-->

Java Lucene Stop Words Filter

2019-08-20 08:50发布

问题:

I have about 500 sentences in which I would like to compile a set of ngrams. I am having trouble removing the stop words. I tried adding the lucene StandardFilter and StopFilter but I still have the same problem. Here is my code:

for(String curS: Sentences)
{
          reader = new StringReader(curS);
          tokenizer = new StandardTokenizer(Version.LUCENE_36, reader);
          tokenizer = new StandardFilter(Version.LUCENE_36, tokenizer);
          tokenizer = new StopFilter(Version.LUCENE_36, tokenizer, stopWords);
          tokenizer = new ShingleFilter(tokenizer, 2, 3);
          charTermAttribute = tokenizer.addAttribute(CharTermAttribute.class);

    while(tokenizer.incrementToken())
    {
        curNGram = charTermAttribute.toString().toString();
        nGrams.add(curNGram);                   //store each token into an ArrayList
    }
}

For example, the first phrase I am testing is: "For every person that listens to". In this example curNGram is set to "For" which is a stop word in my list stopWords. Also, in this example "every" is a stop word and so "person" should be the first ngram.
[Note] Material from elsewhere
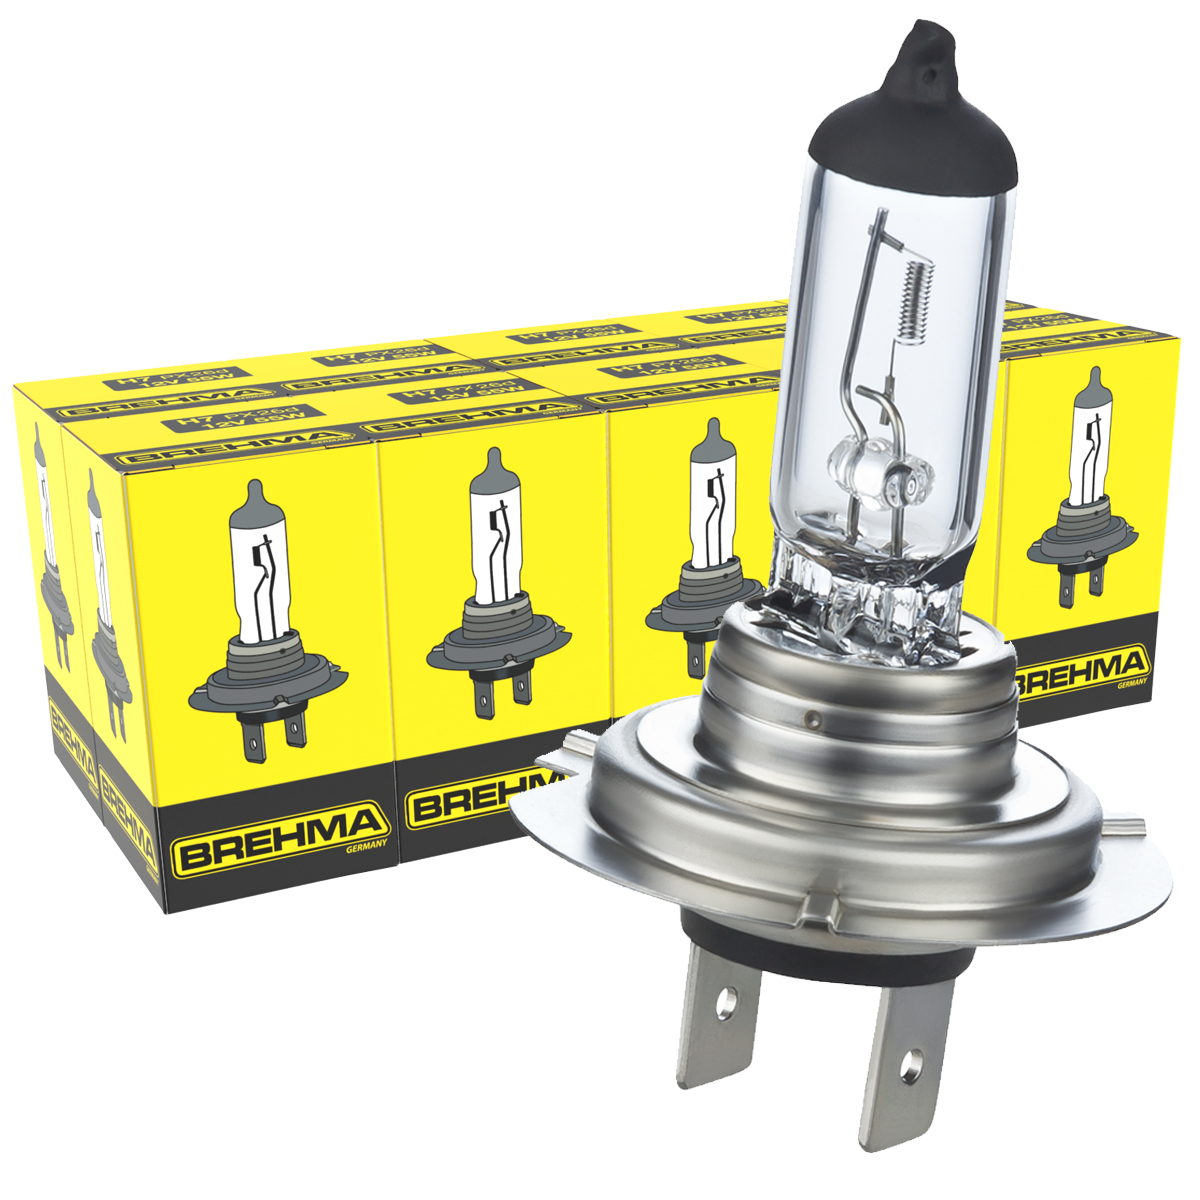 Auto-Lampen-Discount - H7 Lampen und mehr günstig kaufen - 10x BREHMA  Classic H7 12V 55W Lampe Halogen Standard

  1. Why are stop words being added to my list when I am using the StopFiler?

All help is appreciated!

回答1:

What you've posted looks okay to me, so I suspect that stopWords isn't providing the information you want to the filter.

Try something like:

//Let's say we read the stop words into an array list (A simple array, or any list implementation should be fine)
List<String> words = new ArrayList();
//Read the file into words.
Set stopWords = StopFilter.makeStopSet(Version.LUCENE_36, words, true);

Assuming the list you of stopwords you generated (the one I've named 'words') looks like you think it does, this should put them into a format usable to the StopFilter.

Were you already generating stopWords like that?